For another model to raise that question, just watch the current promises in play right now about how spending a little bit of money on "programs" of rehabilitation will bring big savings in prison construction costs. Really? Who, exactly, will be keeping track of the new crimes and damages cost by early release?
[This message was edited by JB on 01-24-07 at .]
When I was a defense lawyer in Taylor County, the CSRP bond worked well in many situations. It helped some people who could not make a bond get out of jail, easing jail crowding concerns. Some paid their lawyer, but I don't remember seeing much of that myself. It also served at times as way for a defendant to prove or disprove his ability to make probation. As the prosecutor in another county now which does not have it, we get by without it, but I see instances where it would be useful.
On a related note, have any of you tried collecting attorney's fees on bond forfeitures which end up going to court. I have started asking for them. I know at least one court of appeals, not mine, says you can't get them, but I disagree. It seems if they had the threat of having to pay a little more for wasting my time they might settle up quicker.
Attorney's fee for the salaried prosecutor who seeks to enforce a bond contract. Hmmm. Are you saying Chapter 38 of the Civil Practice and Remedies Code applies? David Finney are you out there? Most bond forfeitures these days only involve interest and court costs and re-arrest fees anyway. I think you are going nowhere, but I wish you luck!

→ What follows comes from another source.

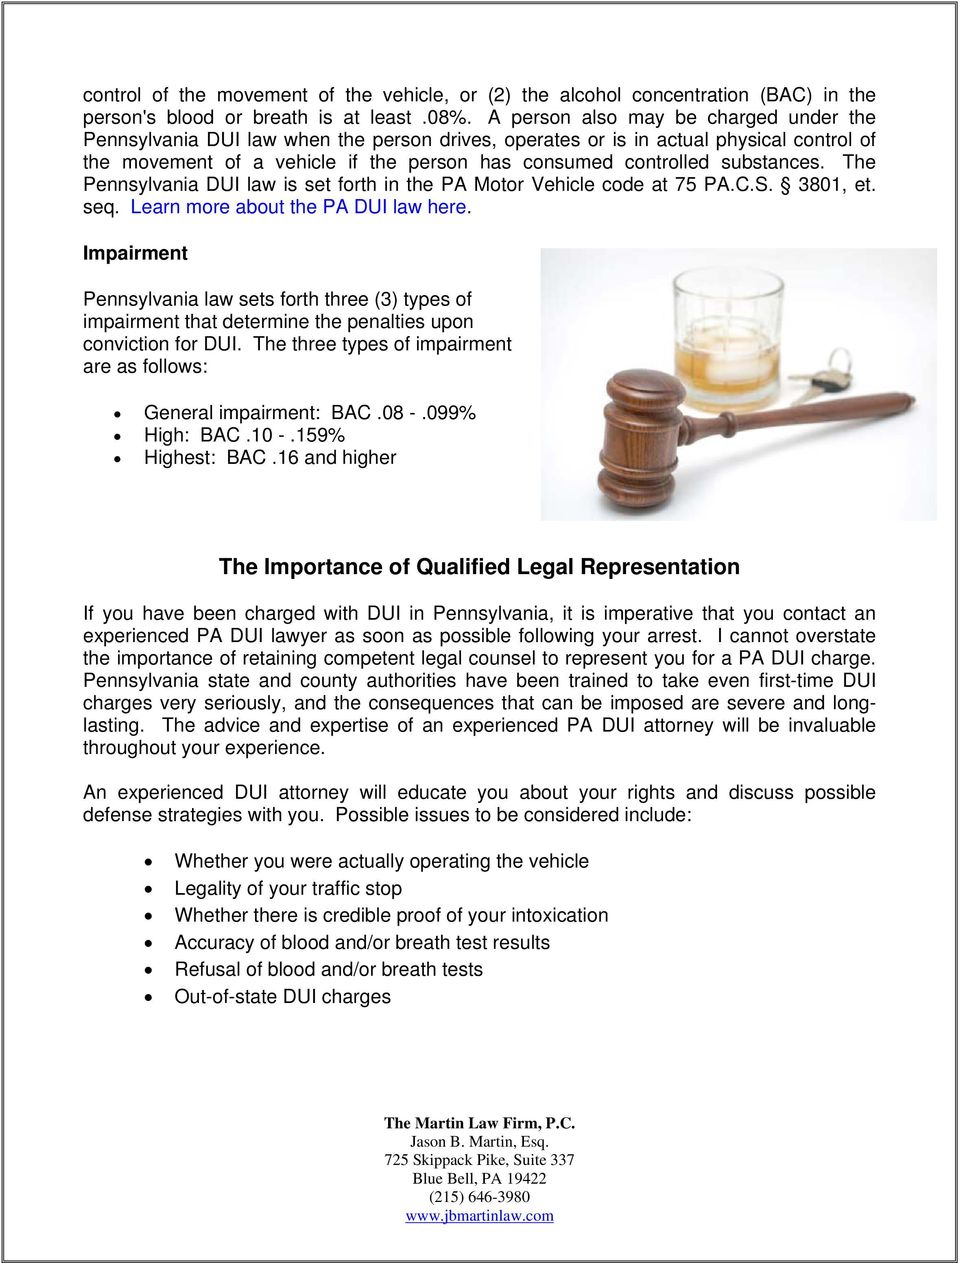 substances. The Pennsylvania DUI law is set forth in the PA Motor Vehicle code at 75 PA.C.S. 3801, et. seq. Learn more about the PA DUI law here.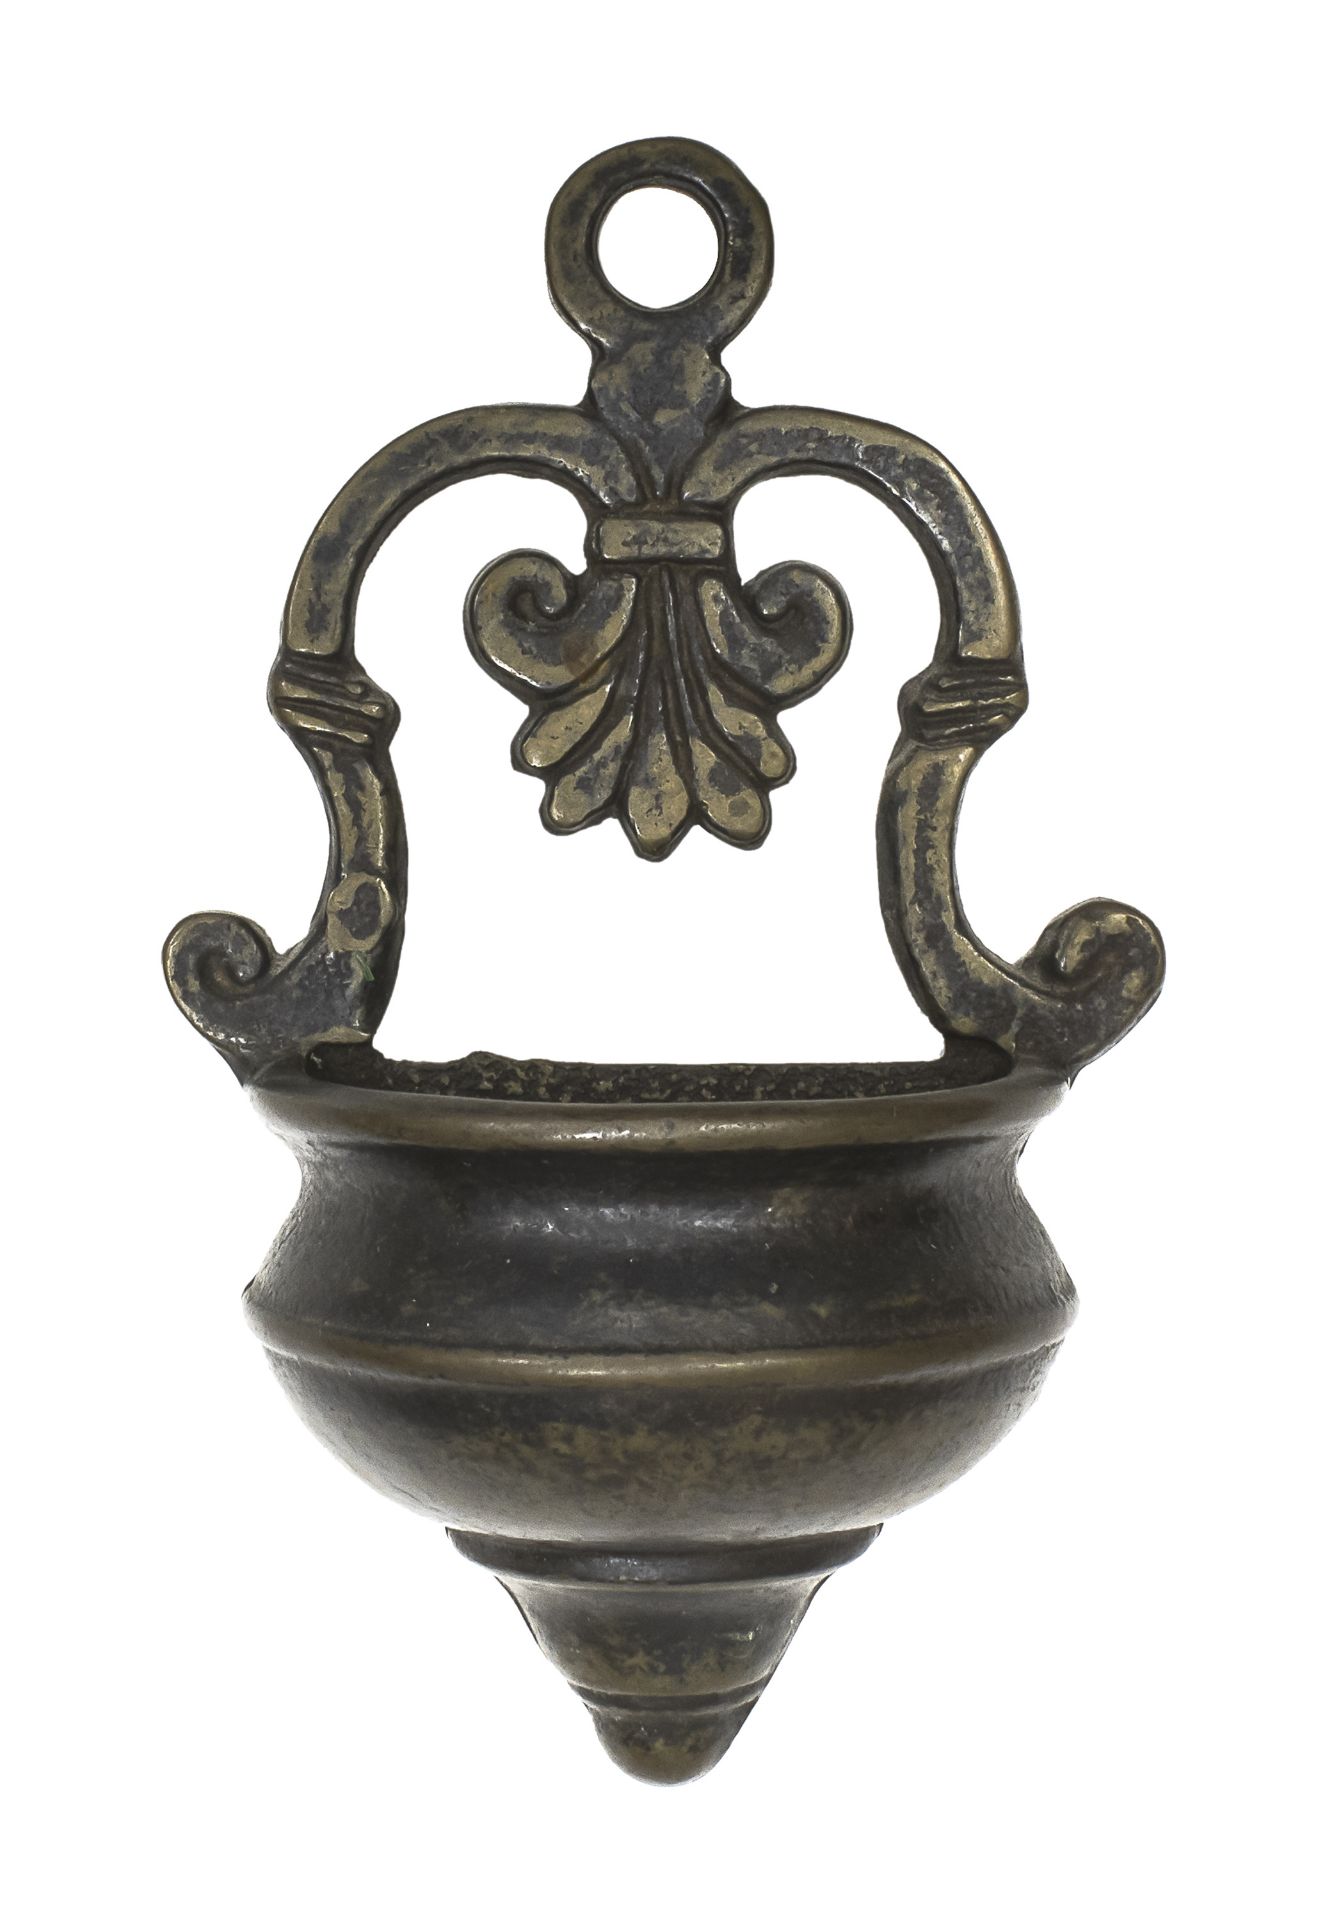 SMALL BRONZE STOUP 18TH CENTURY

The Government code does not apply to BF's. Only the Code of Crim procedure does and the case is governed by the Code of Civil Proceedure. There is no provision in law for atty fees in a criminal case. BF's are criminal cases which is why the Govt Code and other substantive laws do not apply. Several cases on that.
Personal Bonds: If the purpose of a bond is to assure appearance, a personal bond with careful choice of who gets one is great. The accussed is presummed innocent and should not have to pay more to a Surety if he is likely to appear. Staistics find that the no-show rates are about equal.
Now, if the object is for us to make money on dissappearing defendants, Surety bonds are great. You can sue the the Personal bond def, but collection is rather hard. We use Scofflaw to prevent car regisrations until they pay us. We do sue on Personal bonds. It is not fair to Sureties if you do not.
Now, if the object is to ensure appearance a Surety may not have a finacial incentive at all! Most counties do not make them pay enough. Also, they are allowed to, and do, take security on the bond. They generally have no risk in an unsure case because of this. They will not write the bond without security. If the object of bonds are to secure appearances, that does not do it. Security should be outlawed! Many states have outlawed security because that allows the defendant to buy his way out of jail even if he is sure to run.
Some states have abolished Suerty bonds. They give personal bonds to good risks and no bond to those likely to split.